Once the pictures are set aside, repeat all of the data below exactly.

[COLLECTED MATERIAL Boundary: Start]

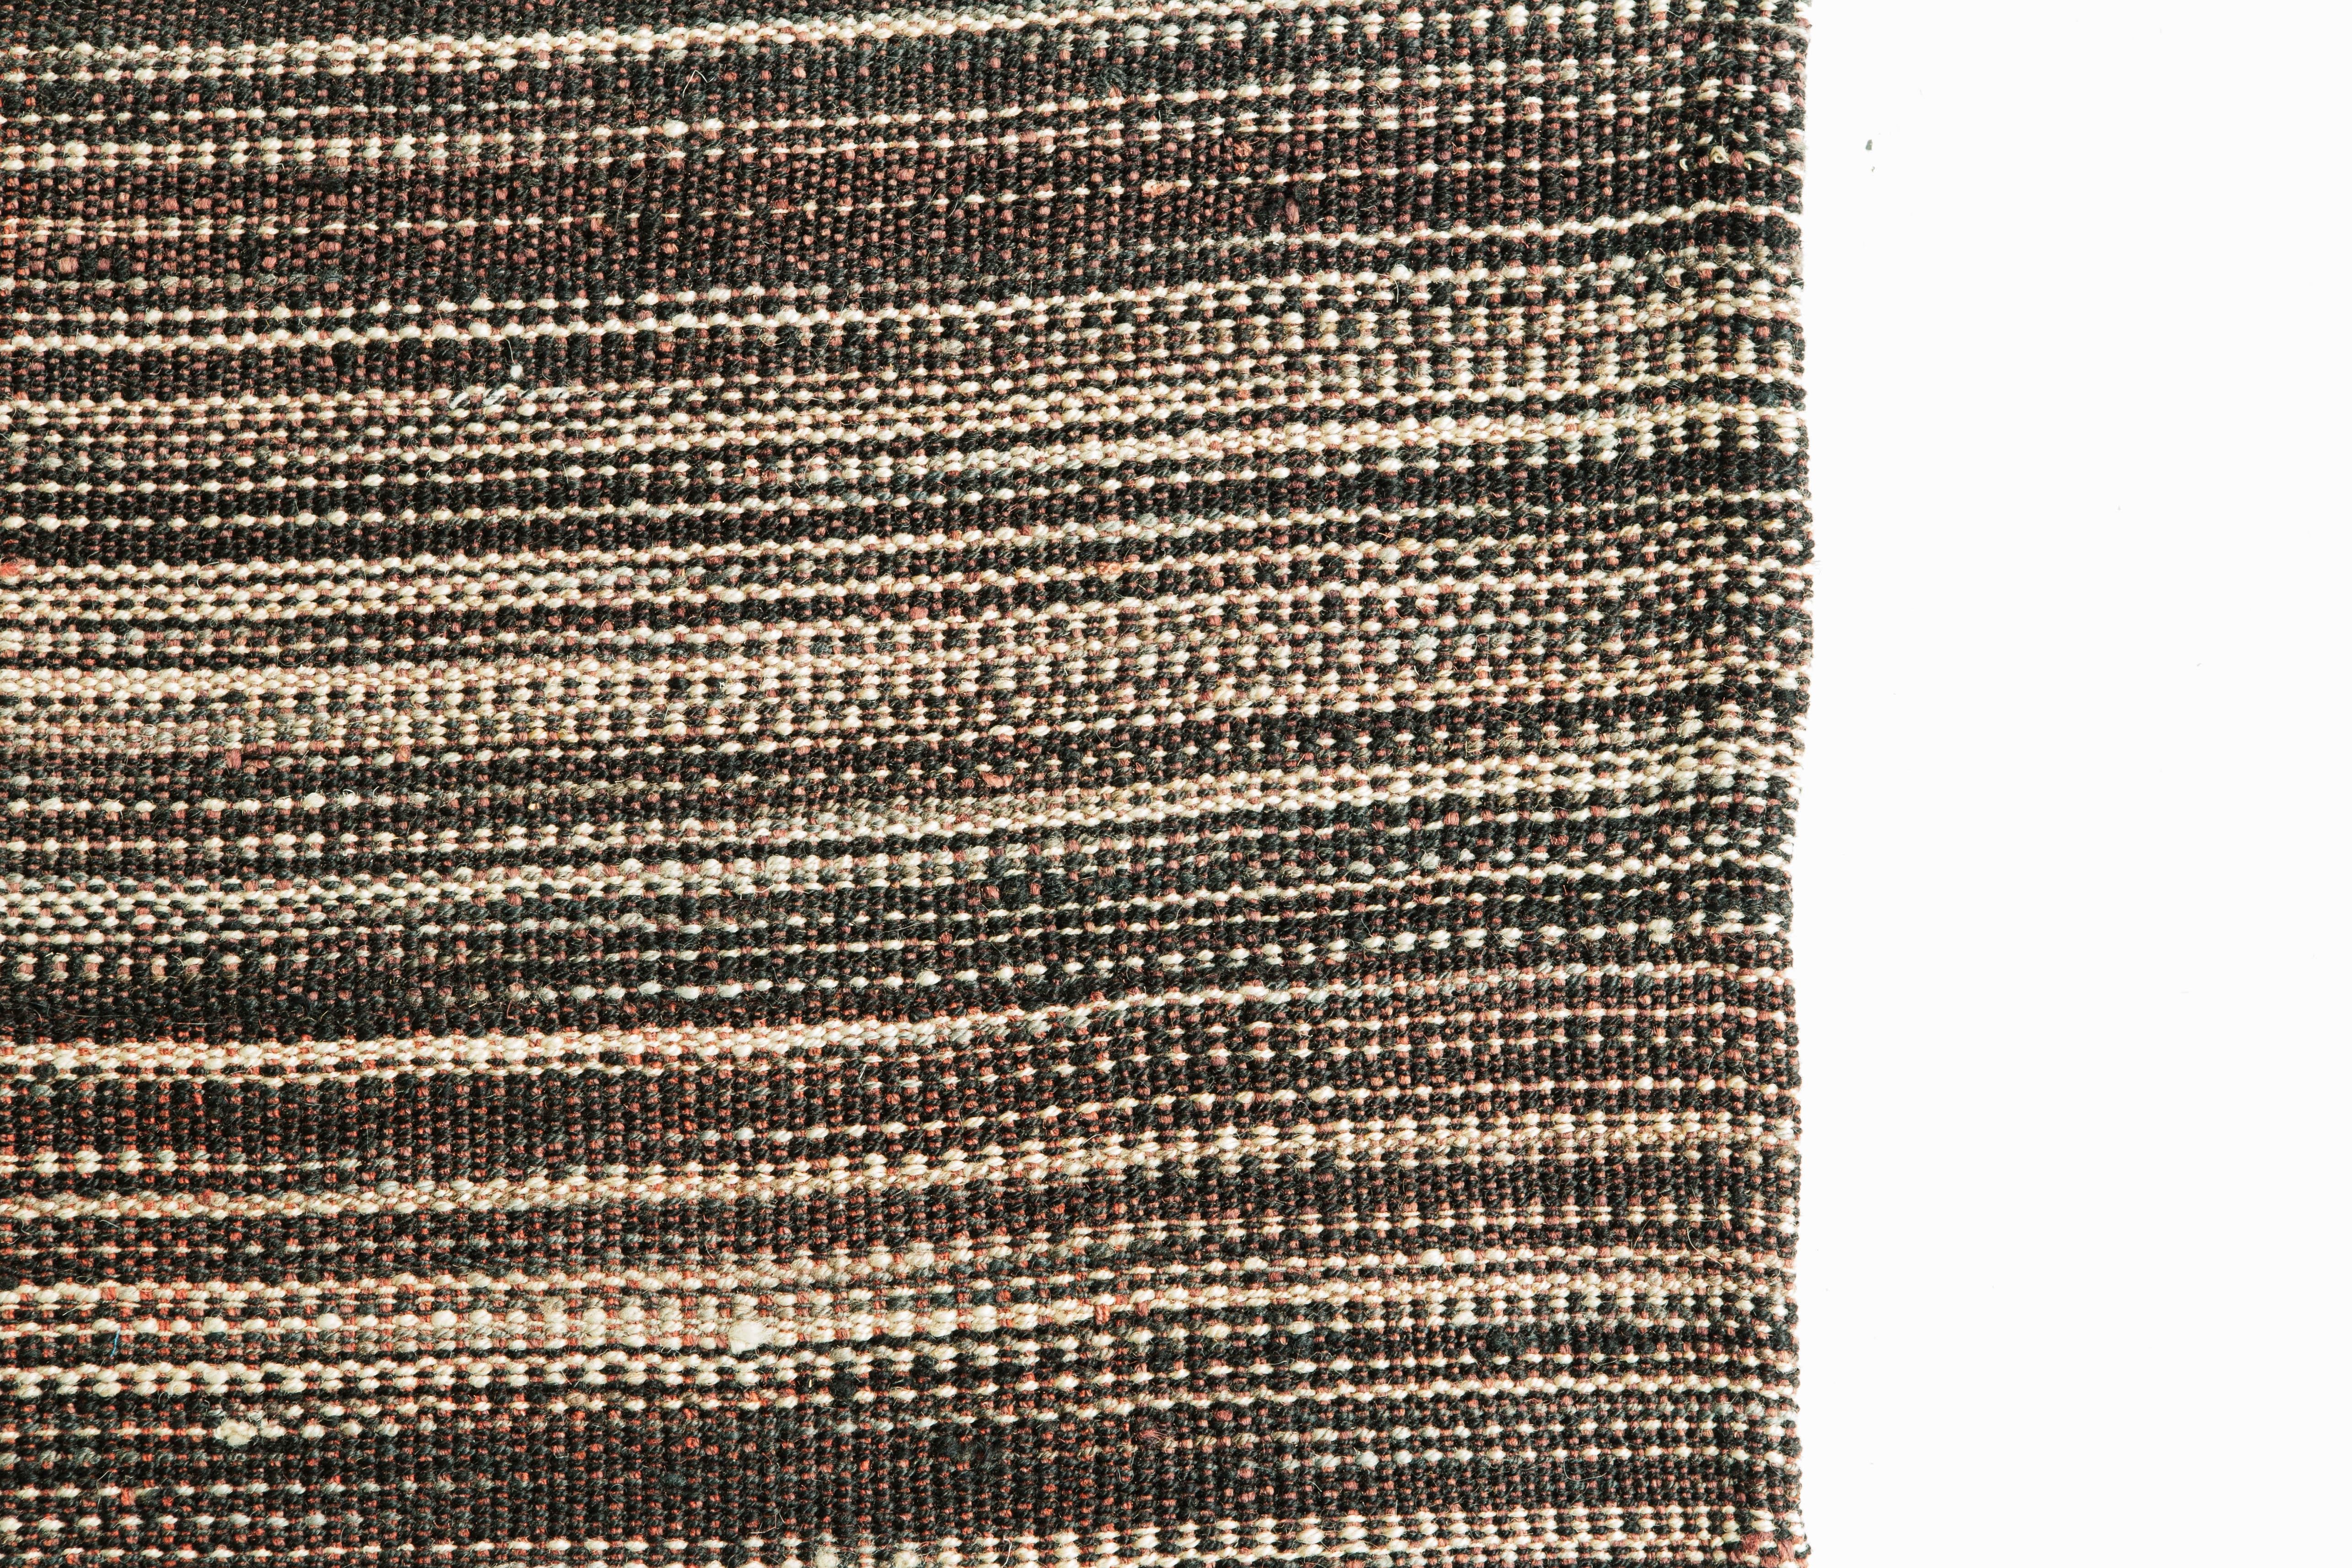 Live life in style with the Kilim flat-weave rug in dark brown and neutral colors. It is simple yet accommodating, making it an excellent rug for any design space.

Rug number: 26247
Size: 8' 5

[COLLECTED MATERIAL Boundary: End]

■ **EXERCISE RESULT**
 Live life in style with the Kilim flat-weave rug in dark brown and neutral colors. It is simple yet accommodating, making it an excellent rug for any design space.

Rug number: 26247
Size: 8' 5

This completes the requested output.